WHAT NEEDS TO BE DONE -
With pictures omitted, transcribe exactly the lines from the one containing "Hand-drawn cutout of" to the end of the records below.

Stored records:
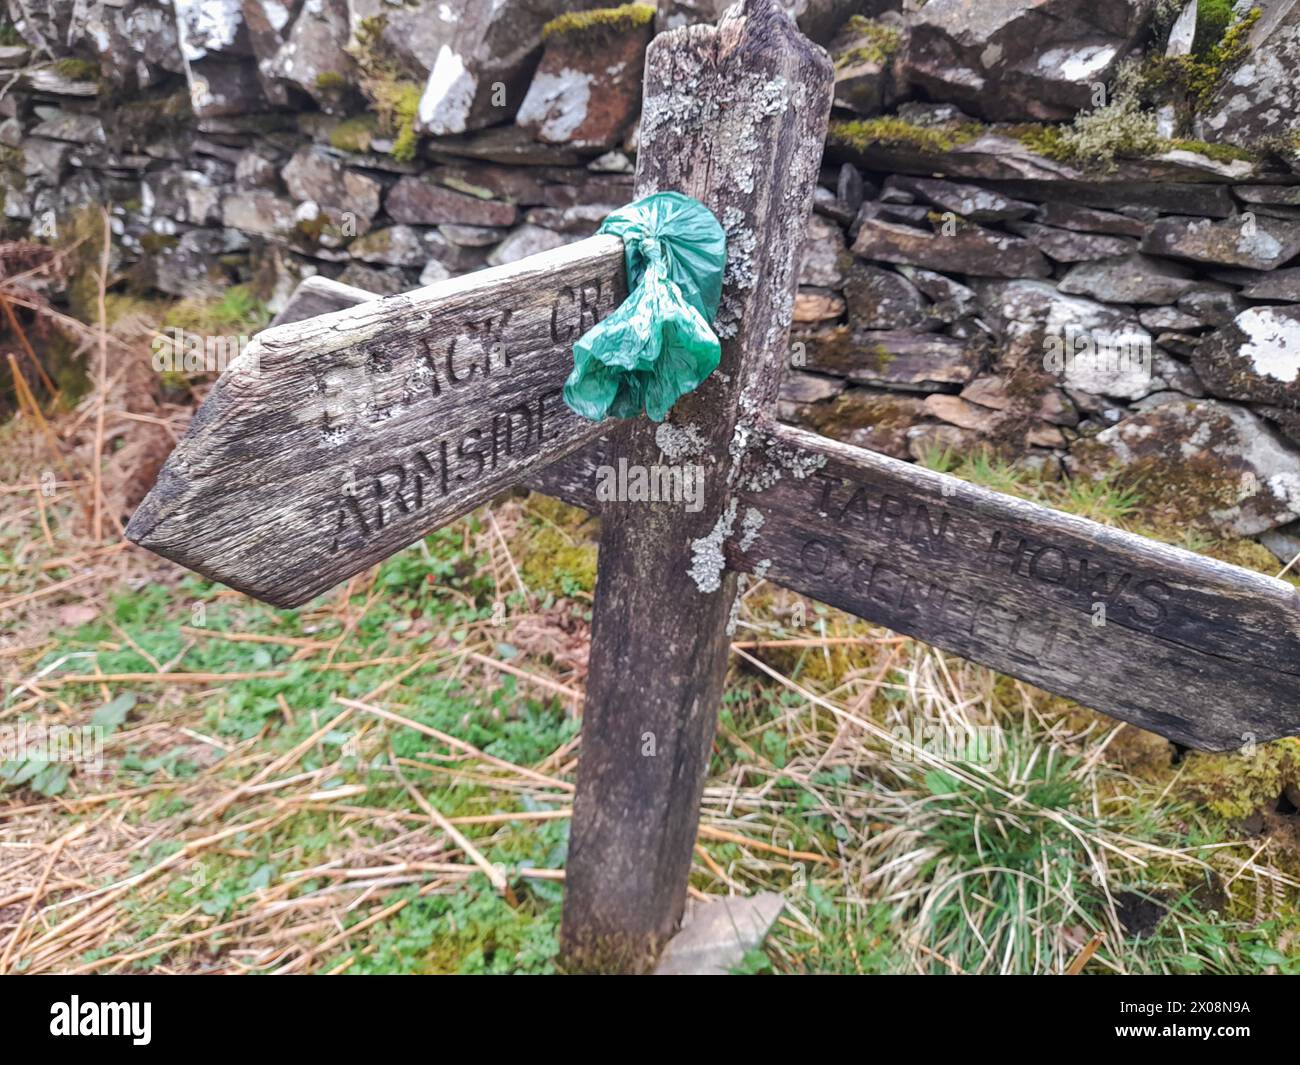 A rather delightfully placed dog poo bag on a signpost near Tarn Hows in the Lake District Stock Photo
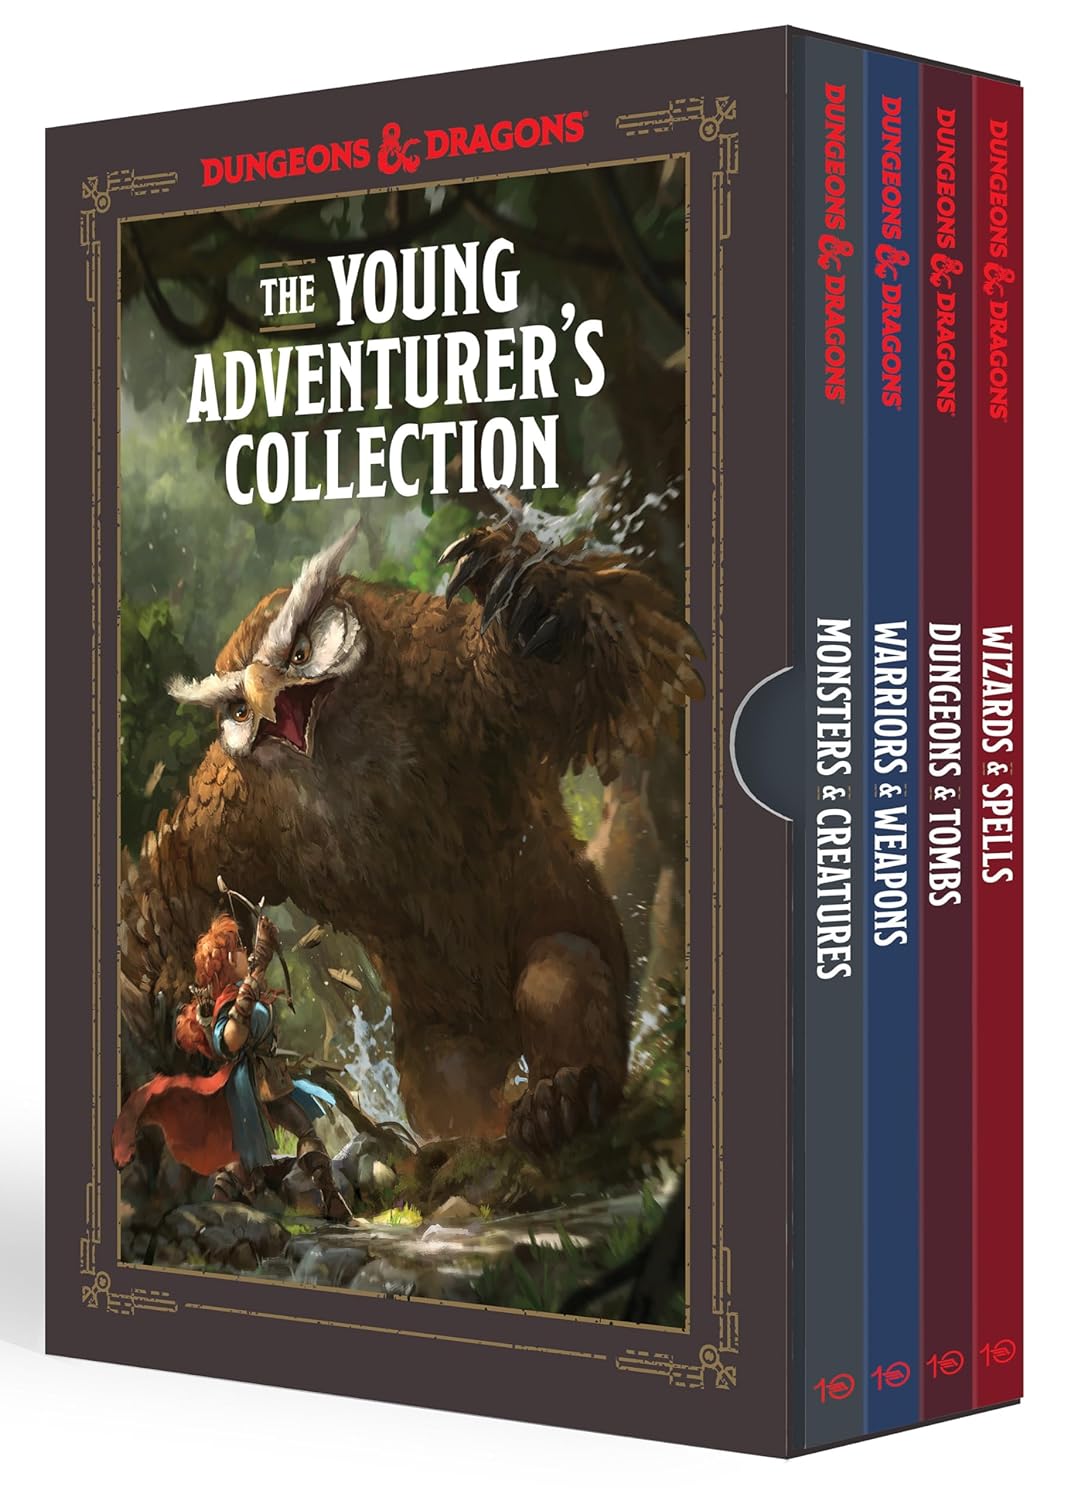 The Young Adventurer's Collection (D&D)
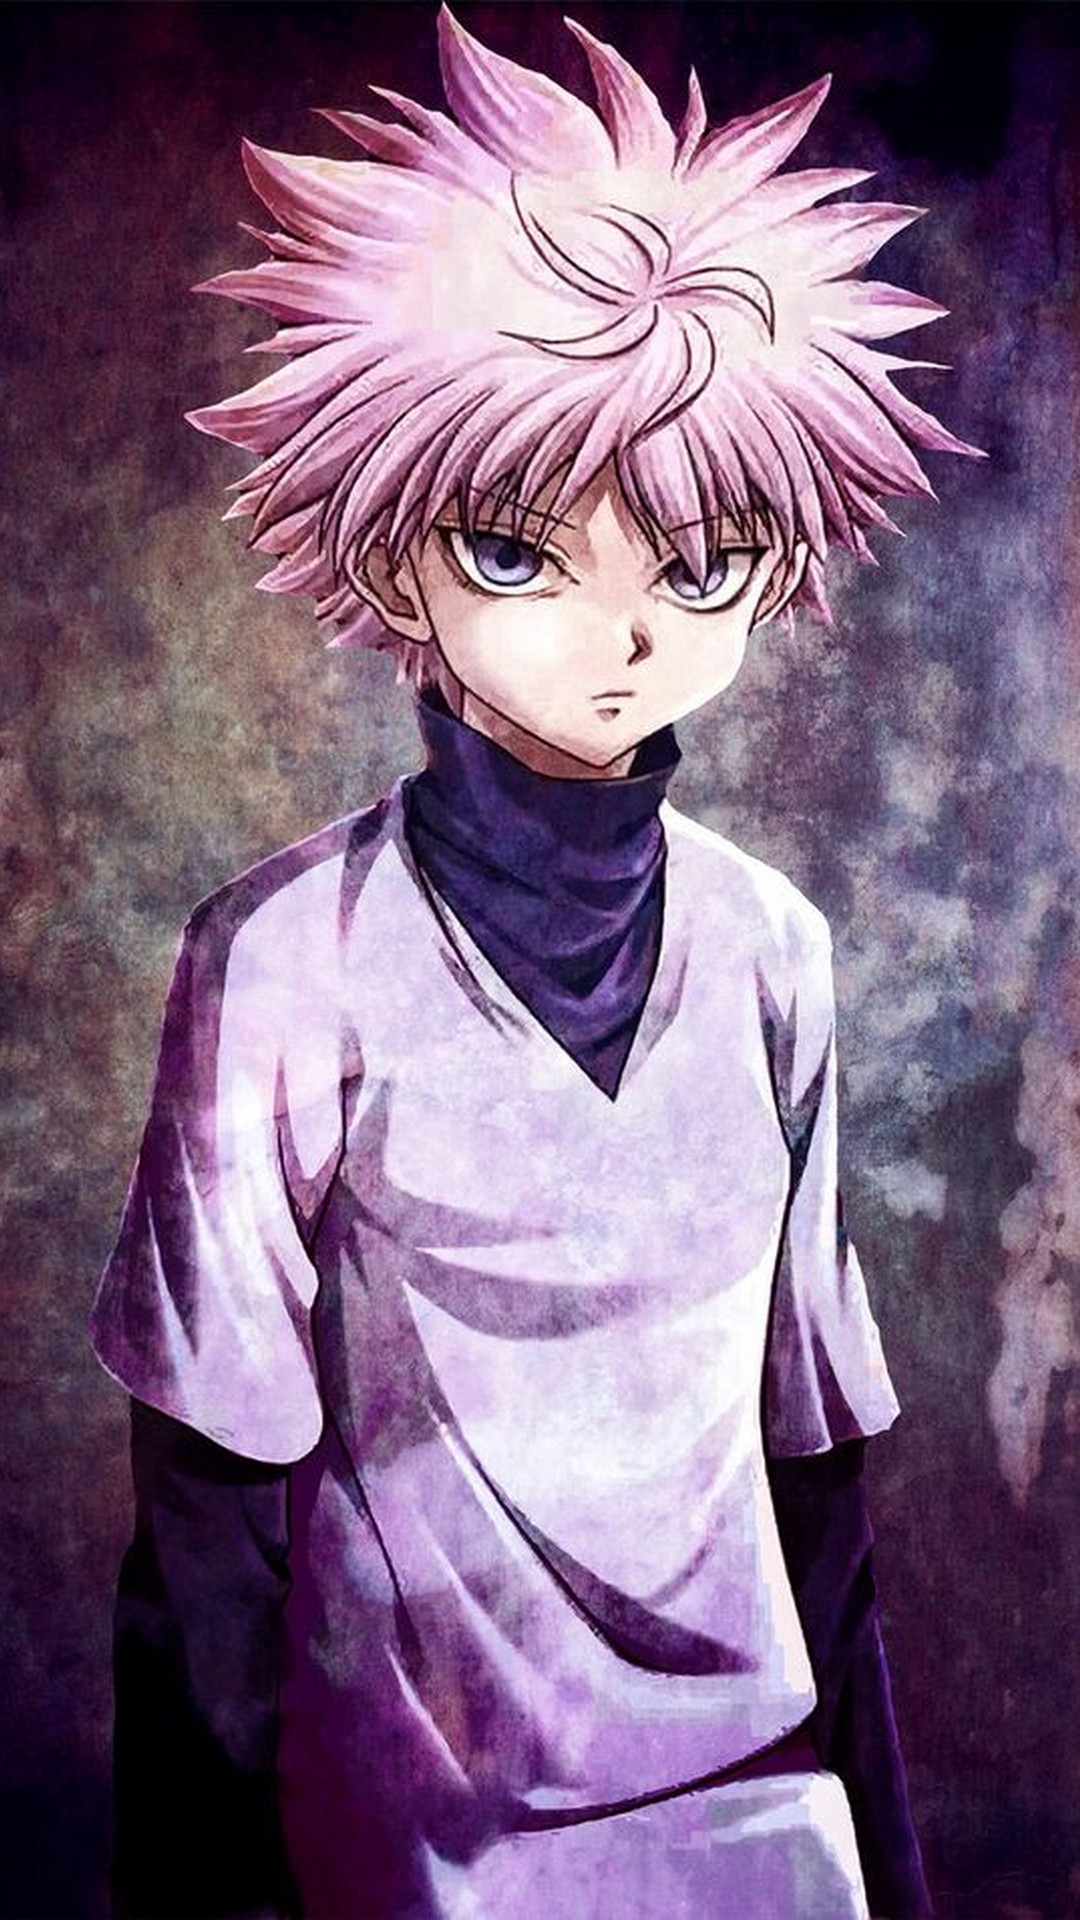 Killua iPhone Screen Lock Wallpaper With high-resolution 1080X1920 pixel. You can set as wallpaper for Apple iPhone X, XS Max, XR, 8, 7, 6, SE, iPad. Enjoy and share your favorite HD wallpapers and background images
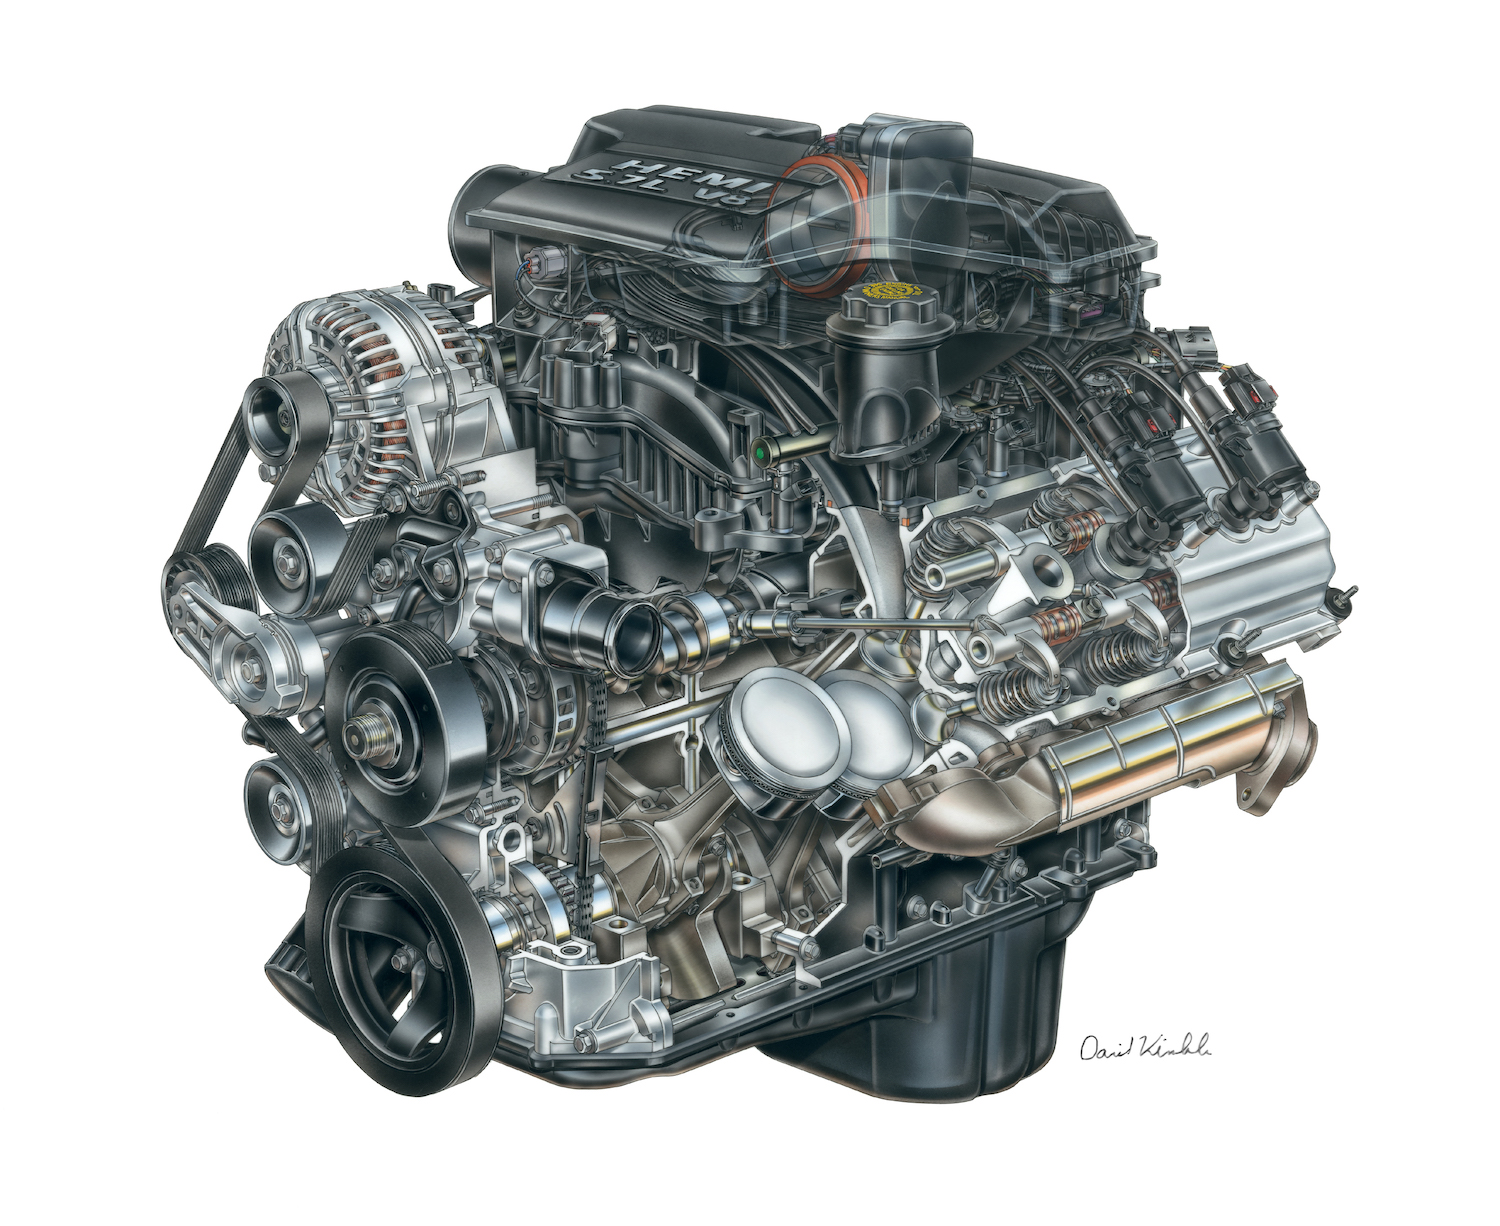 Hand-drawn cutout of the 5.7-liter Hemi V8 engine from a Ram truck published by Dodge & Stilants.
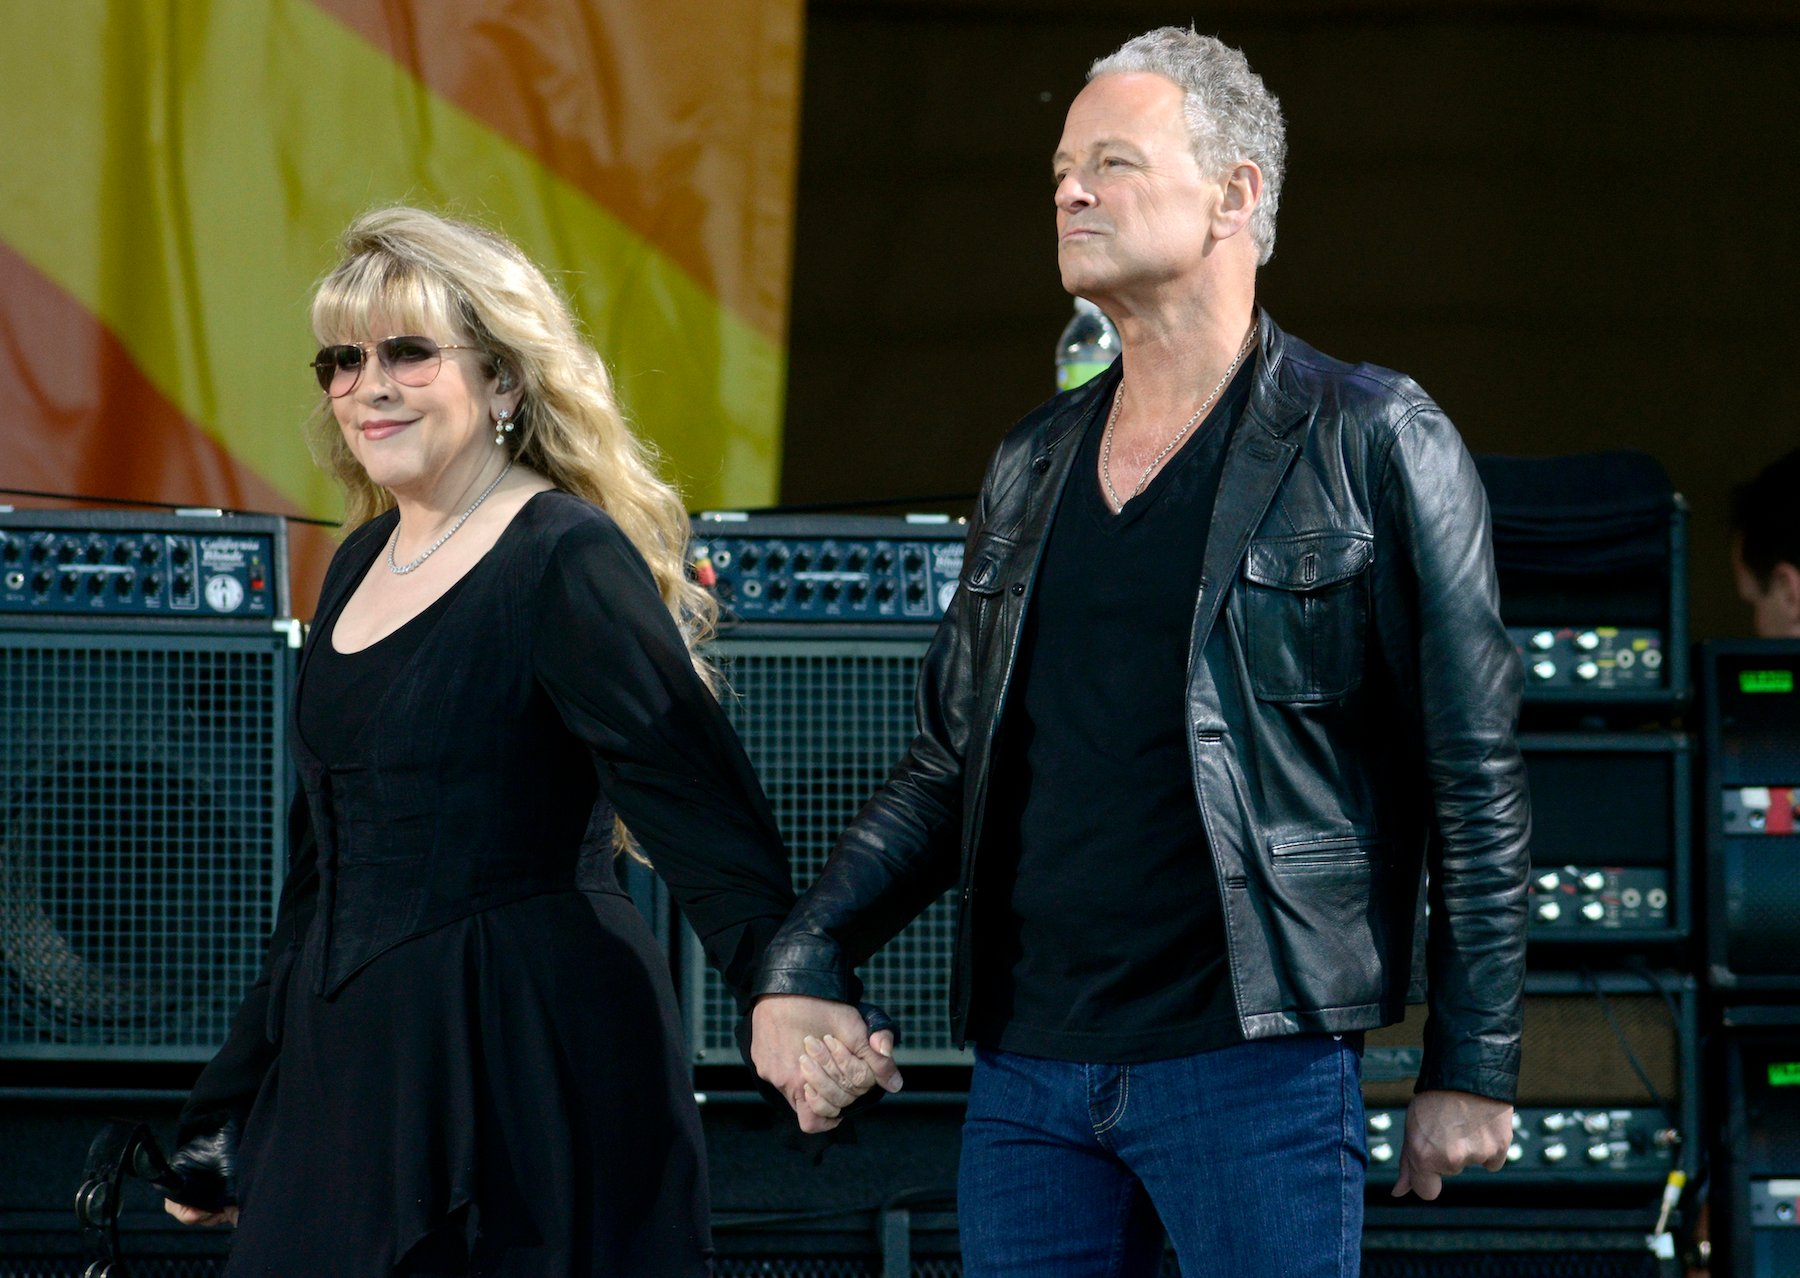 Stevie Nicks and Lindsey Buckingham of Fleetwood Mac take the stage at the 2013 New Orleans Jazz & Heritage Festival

TASK OUTPUT -
 Hand-drawn cutout of the 5.7-liter Hemi V8 engine from a Ram truck published by Dodge & Stilants.
 Stevie Nicks and Lindsey Buckingham of Fleetwood Mac take the stage at the 2013 New Orleans Jazz & Heritage Festival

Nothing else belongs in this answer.